Tip: Google the authentic manufacturers and setup meetings before he arrives with the ones you like - the very few shops in the streets only sells k@#. Which cities will he be visiting? Most manufacturers of vape equipment are situated between and around Shenzhen and Guanzhou.

Reactions: Like 1 | Agree 1


----------



## Sir Vape (23/7/14)

He is def going to Shenzhen. China is sooo dodge bru. I have had crazy experience with them getting supplies for my business, even with supposedly legit companies lol.


----------



## johan (23/7/14)

The Inhaler said:


> He is def going to Shenzhen. China is sooo dodge bru. I have had crazy experience with them getting supplies for my business, even with supposedly legit companies lol.


 
I have an office in Shenzhen that's why I asked.

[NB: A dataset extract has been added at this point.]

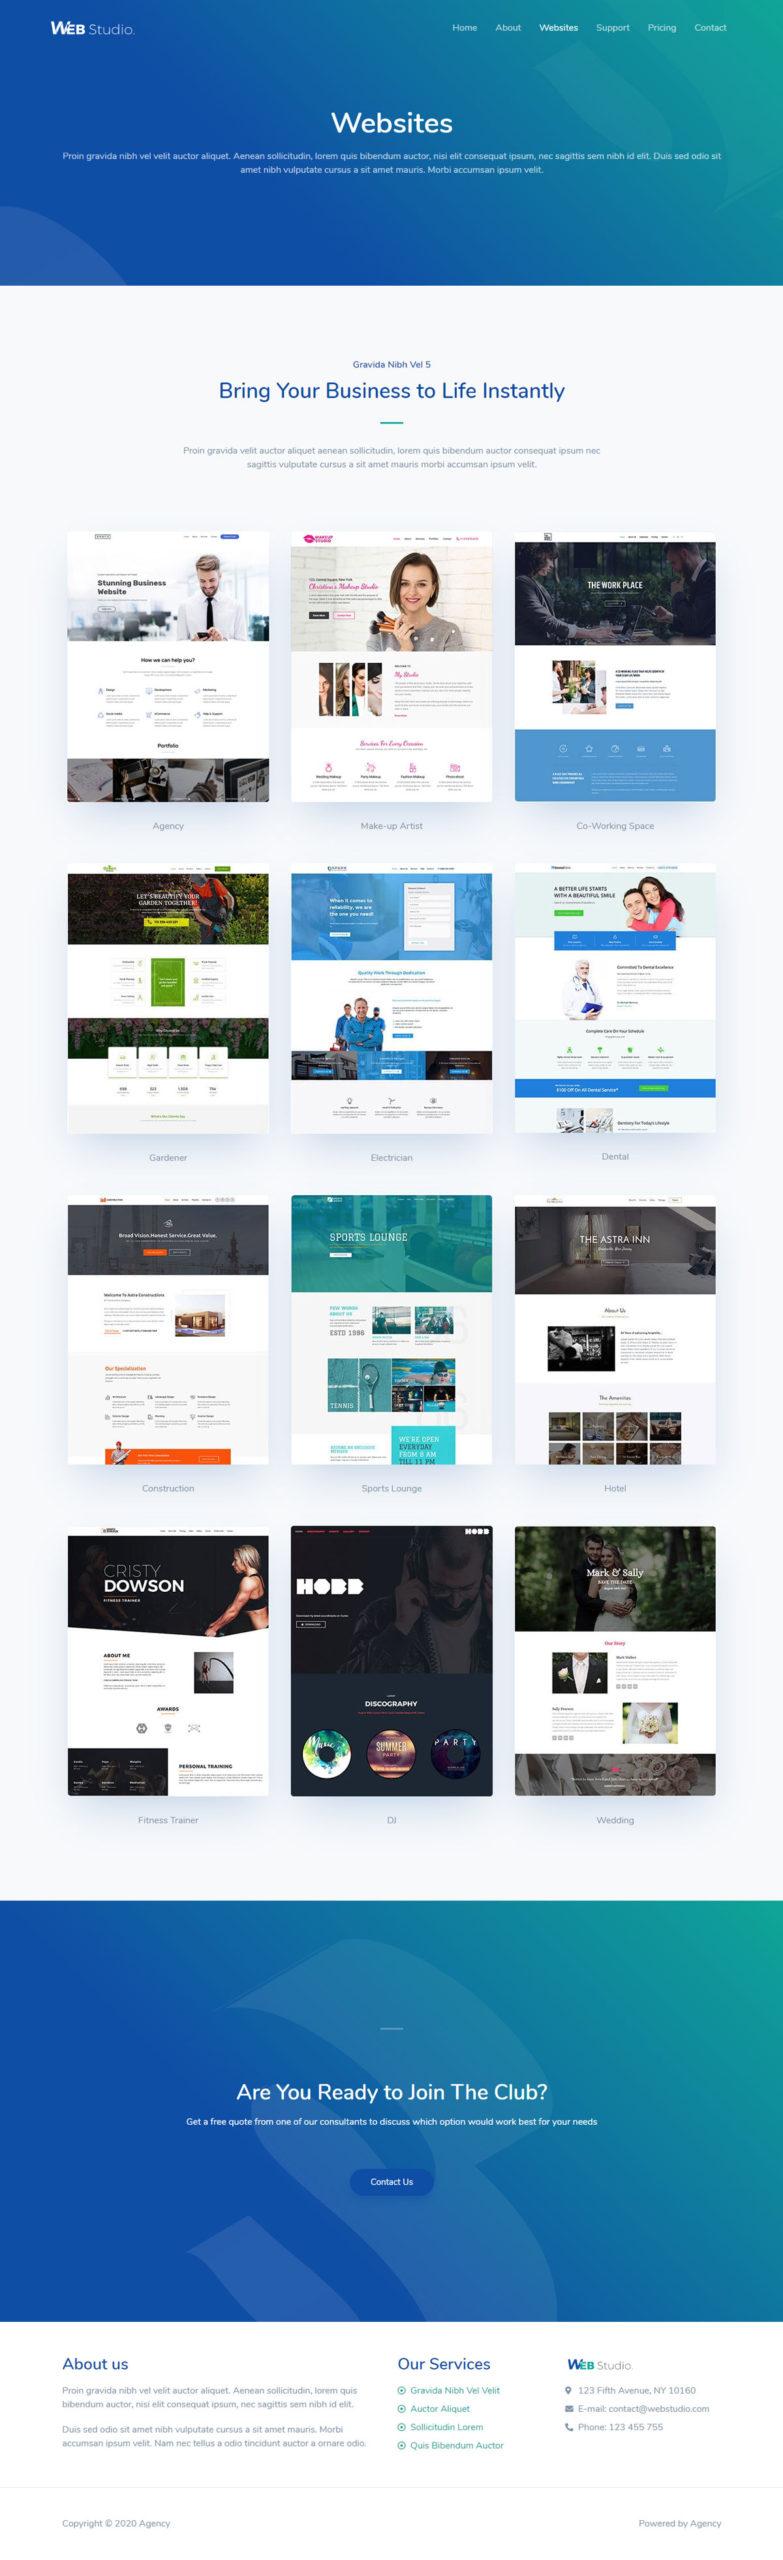 demo18-websites

If you don't meet them and go through their factory etc. you will never know who you are dealing with and what quality you will get. Doing business with China is totally different from what we Westerners are used too and a steep learning curve.

Reactions: Like 2


----------



## crack2483 (23/7/14)

Just pick up my FT order on your way back please. Will be quicker than waiting for delivery.

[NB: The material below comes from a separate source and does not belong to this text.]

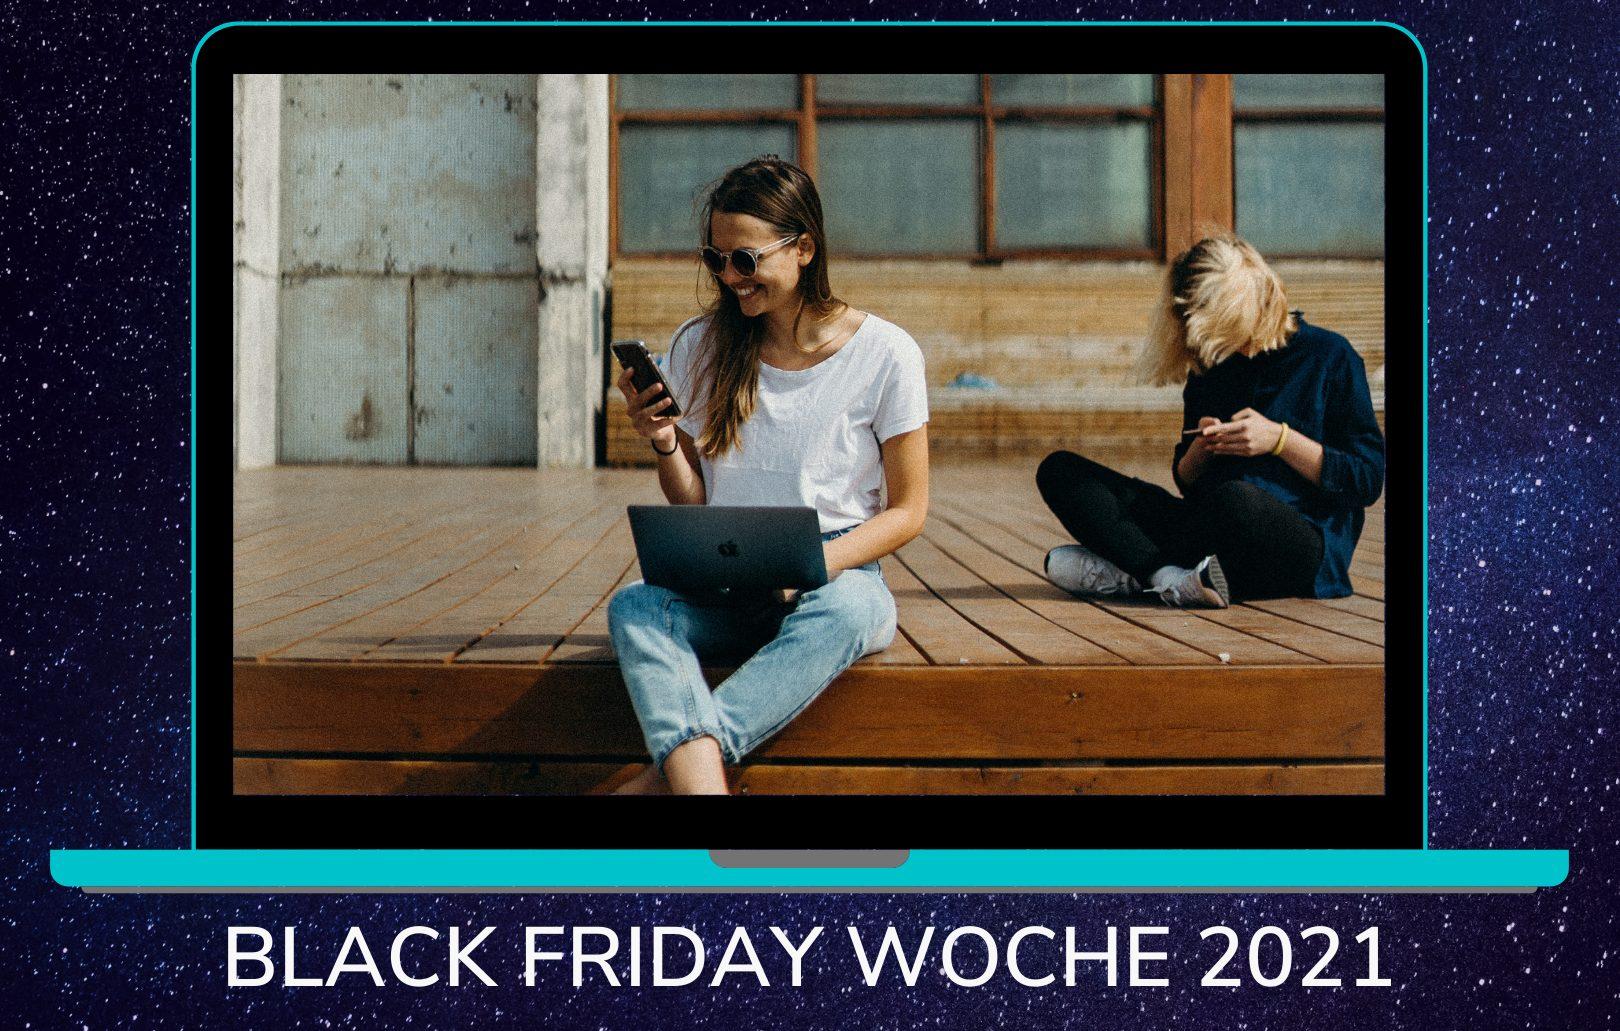 Black Friday Woche 2021

Sent from my SM-N9005 using Tapatalk

Reactions: Like 2 | Funny 5


----------



## ET (23/7/14)

DO NOT get herpes

Reactions: Like 1 | Funny 3


----------



## Sir Vape (24/7/14)

ET said:


> DO NOT get herpes


Check!!!


----------



## johan (24/7/14)

The Inhaler said:


> Check!!!


 
And if a shop looks like an "inviting" Barbershop with the candy stick on the pavement, don't go in - I promise you its not a Barbershop .

Reactions: Funny 2


----------



## Sir Vape (24/7/14)

Check??

Maybe I should just sit in my apartment and shop online!!!

Reactions: Funny 2


----------



## johan (24/7/14)

The Inhaler said:


> Check??
> 
> Maybe I should just sit in my apartment and shop online!!!


 
No go out and shop till you drop! It's a culture shock at first but you will enjoy and food well .... stay away from "neorow" (dogmeat) which are in abundance all over. As its going to be very hot and humid this time of year enjoy their TsingTao beer a light refreshing "cooler".


----------



## bones (24/7/14)

ET said:


> DO NOT get herpes


He is going to China, not Bangkok....

Reactions: Funny 2


----------



## Alex (24/7/14)

johan said:


> No go out and shop till you drop! It's a culture shock at first but you will enjoy and food well .... stay away from "neorow" (dogmeat) which are in abundance all over. As its going to be very hot and humid this time of year enjoy their TsingTao beer a light refreshing "cooler".
> 
> View attachment 8501


 
One of our local Chinese restaurants has this beer, I love it.


----------



## johan (24/7/14)

Alex said:


> One of our local Chinese restaurants has this beer, I love it.


 
Even available at Top Spar outlets.

Reactions: Informative 1


----------